13. Grantor agrees to deliver to Lender, at Lender's request from time to time,
internally prepared financial statements of Grantor and any guarantor of the Note prepared
in accordance with generally accepted accounting principles consistently applied, in detail
reasonably satisfactory to Lender and certified to be materially true and correct by the chief
financial officer of Grantor or its certified public accountant, as applicable.
14. If Lender orders an appraisal of the Property while a default exists or to
comply with legal requirements affecting Lender, Grantor, at Lender's request, agrees to
reimburse Lender for the reasonable cost of any such appraisal. If Grantor fails to
reimburse Lender for any such appraisal within 20 days of Lender's written request, that
failure is a default under this Deed of Trust.
15. Grantor agrees to allow Lender or Lender's agents to enter the Property
during regular business hours upon at least 48 hours prior notice and inspect it and any
personal property in which Lender is granted a security interest by this Deed of Trust.

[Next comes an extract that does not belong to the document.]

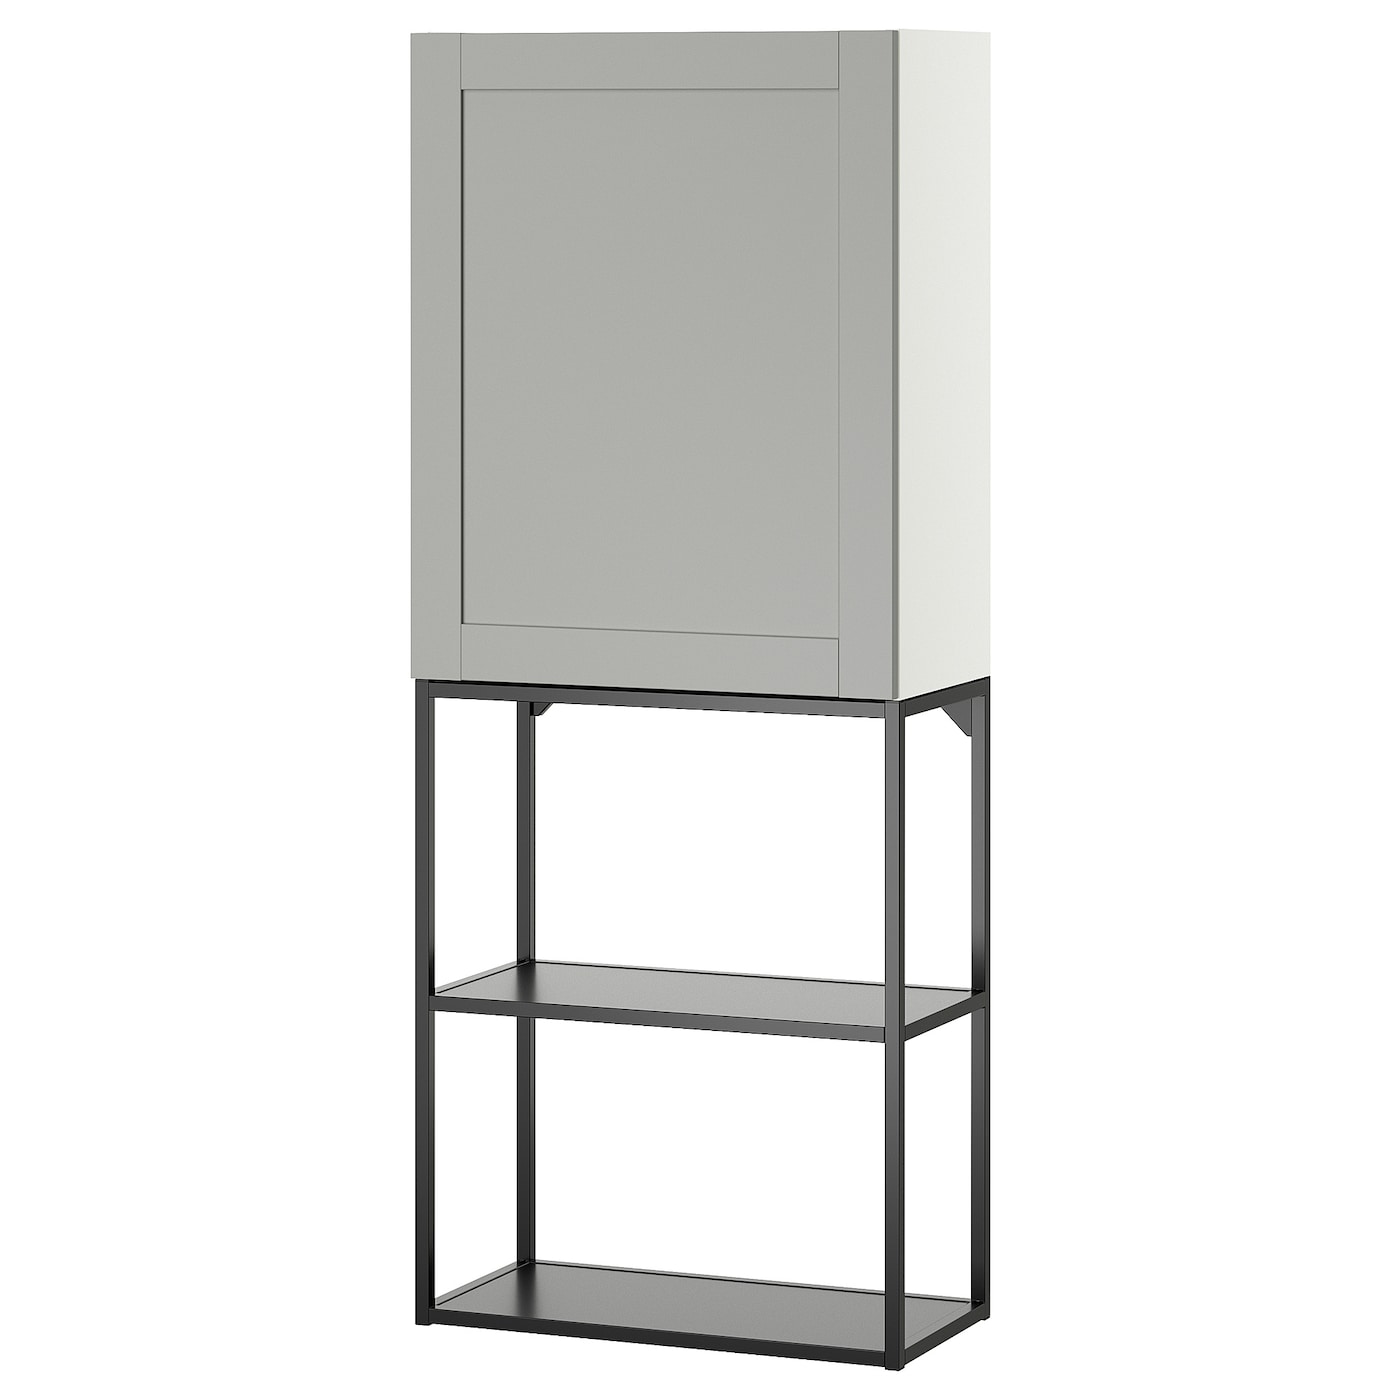 Навесной шкаф - ENHET IKEA/ ЭНХЕТ ИКЕА,   60x32x150 см, черный/серый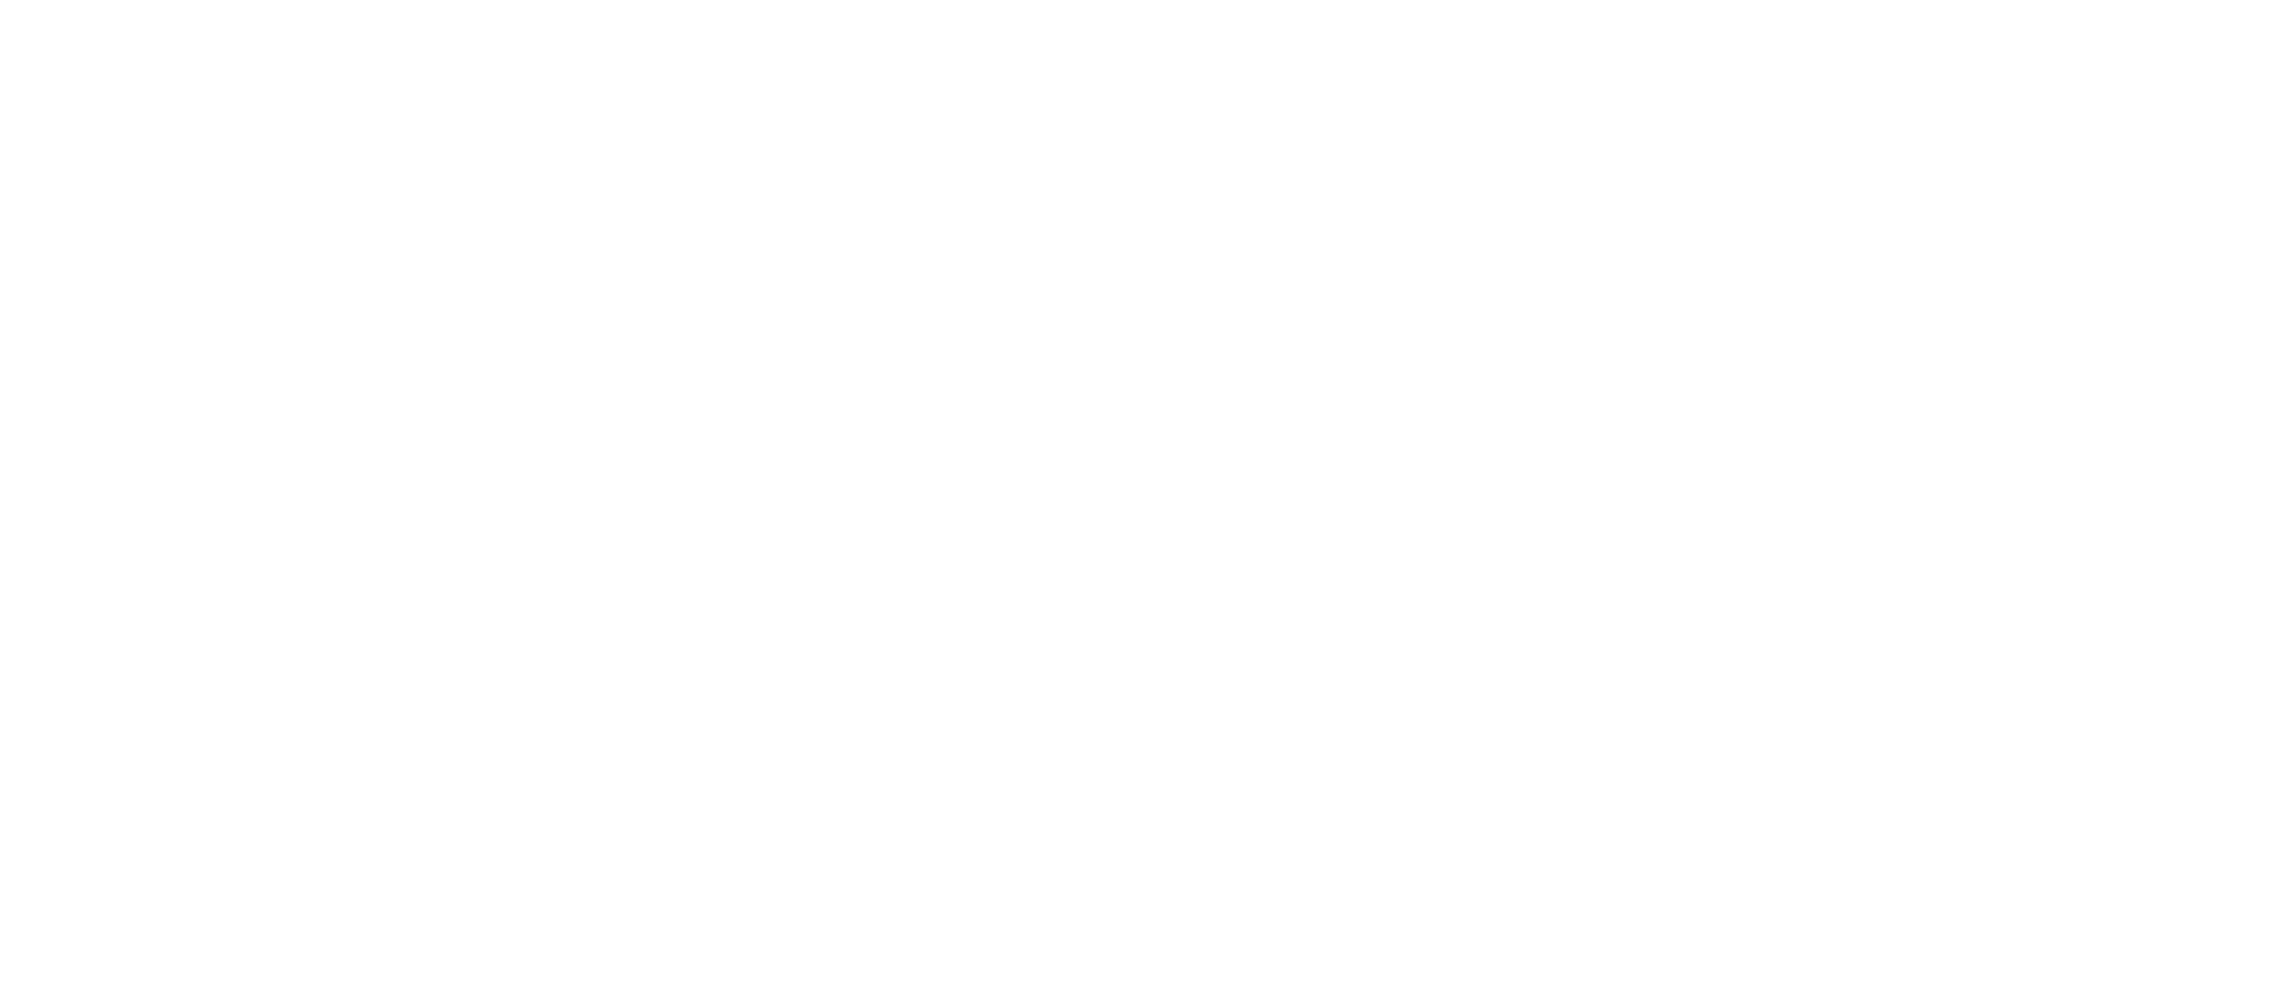 Freedom Self Storage

16. Grantor may not sell, transfer, or otherwise dispose of any Property,
whether voluntarily or by operation of law, except for condemnation or to obtain utility
easements, without the prior written consent of Lender. If granted, consent may be
conditioned upon (a) the grantee's integrity, reputation, character, creditworthiness, and
management ability being satisfactory to Lender; and (b) the grantee's executing, before
such sale, transfer, or other disposition, a written assumption agreement containing any
terms Lender may reasonably require, such as a principal pay down on the Obligations, an
increase in the rate of interest payable with respect to the Obligations, a transfer fee, or any
other modification of the Note, this Deed of Trust, or any other instruments evidencing or
securing the Obligations.
Grantor may not cause or permit any Property to be encumbered by any liens,
security interests, or encumbrances other than the liens securing the Obligation and the
liens securing ad valorem taxes not yet due and payable and the Permitted Exceptions
without the prior written consent of Lender. If granted, consent may be conditioned upon
Grantor's executing, before granting such lien, a written modification agreement containing
any terms Lender may require, such as a principal pay down on the Obligations, an increase
in the rate of interest payable with respect to the Obligations, an approval fee, or any other
modification of the Note, this Deed of Trust, or any other instruments evidencing or
securing the Obligations.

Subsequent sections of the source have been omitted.